On Mon, Nov 24, 2025 at 10:09:37AM +1100, Alistair Popple wrote:
> On 2025-11-22 at 08:07 +1100, Gregory Price <gourry@gourry.net> wrote...
> > On Tue, Nov 18, 2025 at 06:02:02PM +1100, Alistair Popple wrote:
> > > 
> 
> There are multiple types here (DEVICE_PRIVATE and DEVICE_COHERENT). The former
> is mostly irrelevant for this discussion but I'm including the descriptions here
> for completeness.
> 

I appreciate you taking the time here.  I'll maybe try to look at
updating the docs as this evolves.

> > But I could imagine an (overly simplistic) pattern with SPM Nodes:
> > 
> > fd = open("/dev/gpu_mem", ...)
> > buf = mmap(fd, ...)
> > buf[0] 
> >    1) driver takes the fault
> >    2) driver calls alloc_page(..., gpu_node, GFP_SPM_NODE)
> >    3) driver manages any special page table masks
> >       Like marking pages RO/RW to manage ownership.
> 
> Of course as an aside this needs to match the CPU PTEs logic (this what
> hmm_range_fault() is primarily used for).
>

This is actually the most interesting part of series for me.  I'm using
a compressed memory device as a stand-in for a memory type that requires
special page table entries (RO) to avoid compression ratios tanking
(resulting, eventually, in a MCE as there's no way to slow things down).

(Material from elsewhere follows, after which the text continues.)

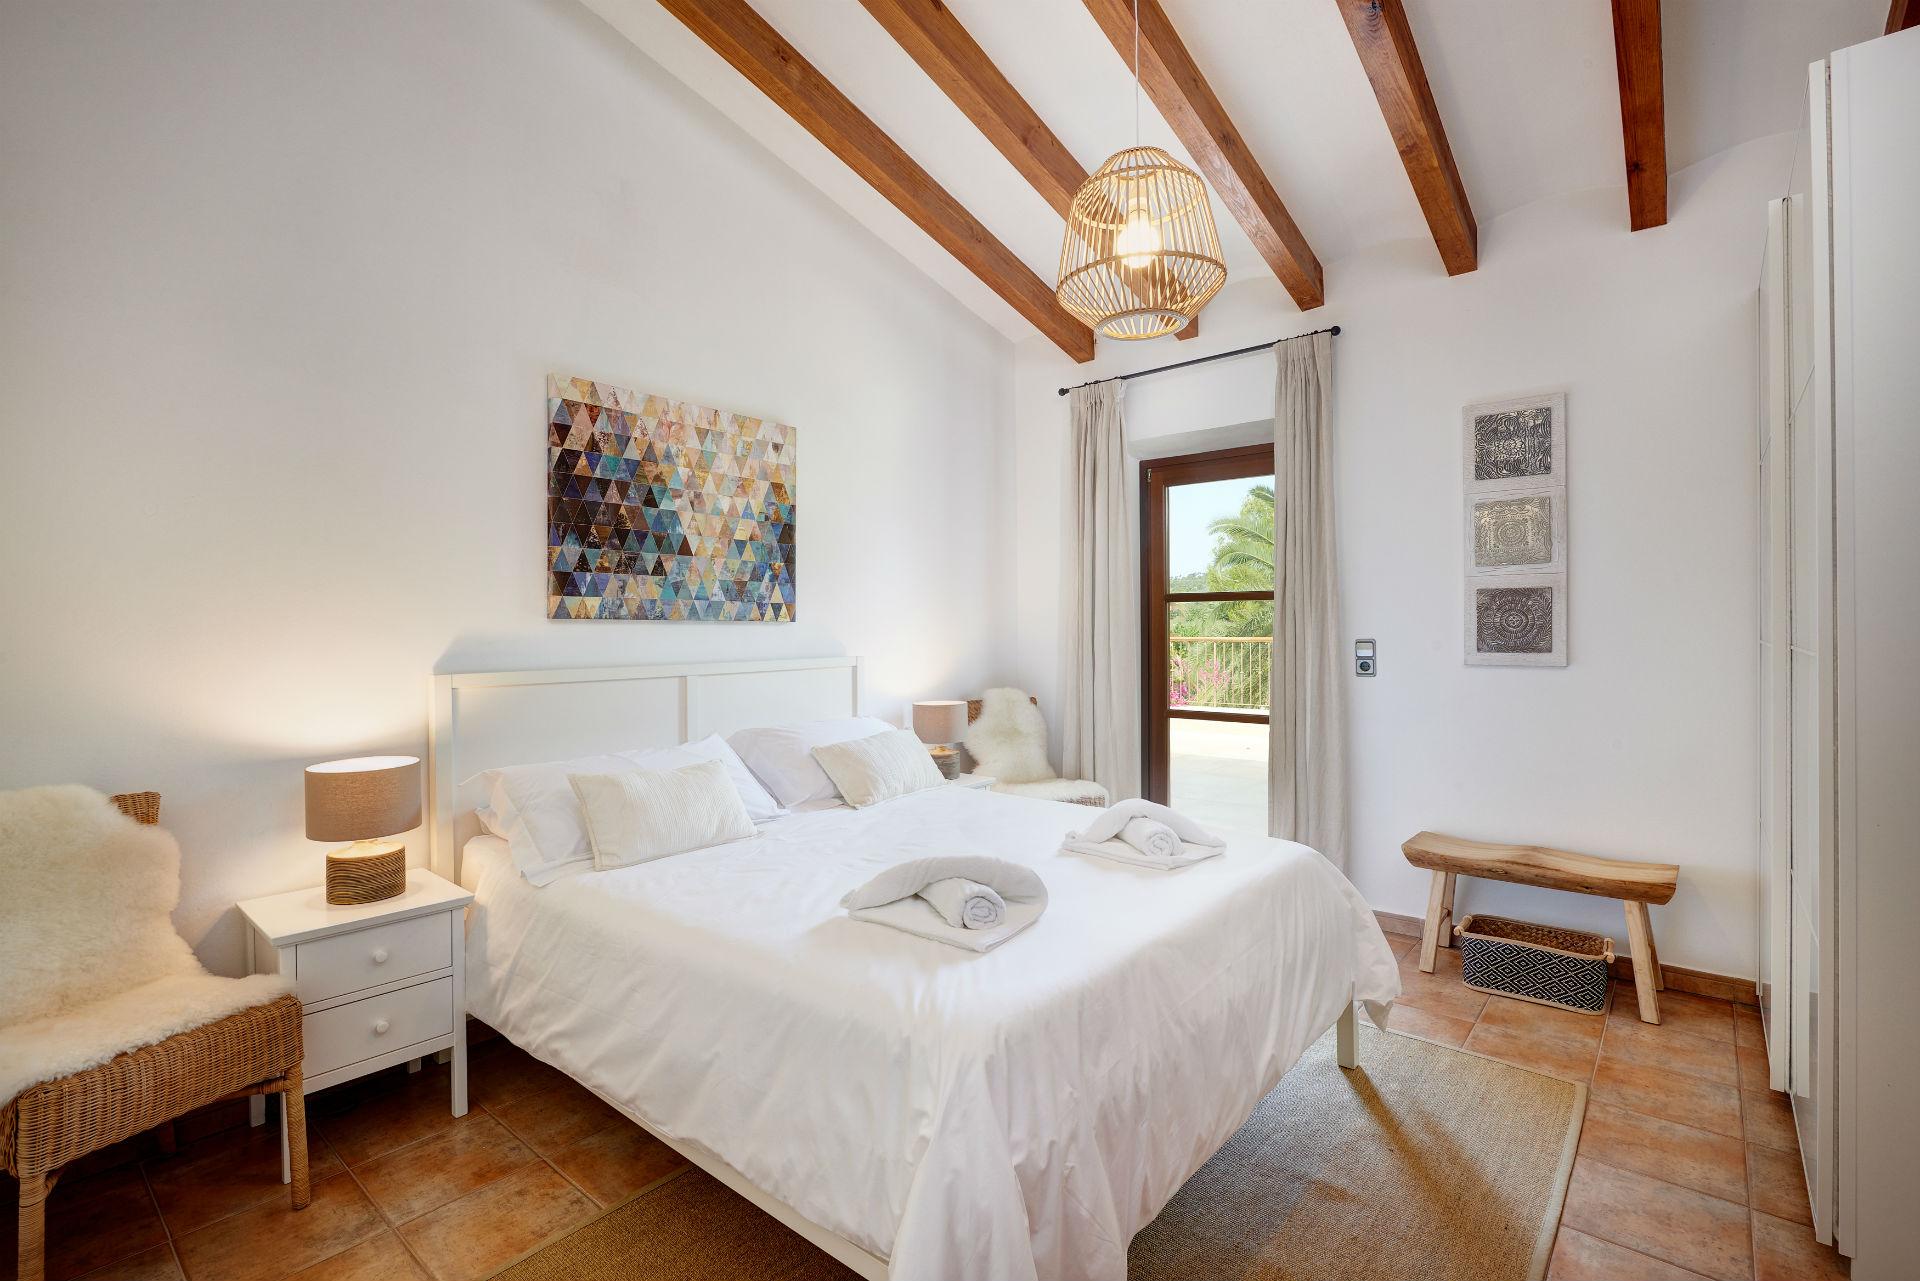 25 Casa Adrover Pollenca Room View 1

You can somewhat "Get there from here" through device coherent
ZONE_DEVICE, but you still don't have access to basic services like
compaction and reclaim - which you absolutely do want for such a memory
type (for the same reasons we groom zswap and zram).

I wonder if we can even re-use the hmm interfaces for SPM nodes to make
managing special page table policies easier as well.  That seems
promising.

I said this during LSFMM: Without isolation, "memory policy" is really
just a suggestion.  What we're describing here is all predicated on
isolation work, and all of a sudden much clearer examples of managing
memory on NUMA boundaries starts to make a little more sense.

> >    4) driver sends the gpu the (mapping_id, pfn, index) information
> >       so that gpu can map the region in its page tables.
> 
> On coherent systems this often just uses HW address translation services
> (ATS), although I think the specific implementation of how page-tables are
> mirrored/shared is orthogonal to this.
>

Yeah this part is completely foreign to me, I just presume there's some
way to tell the GPU how to recontruct the virtually contiguous setup.

That mechanism would be entirely reusable here (I assume).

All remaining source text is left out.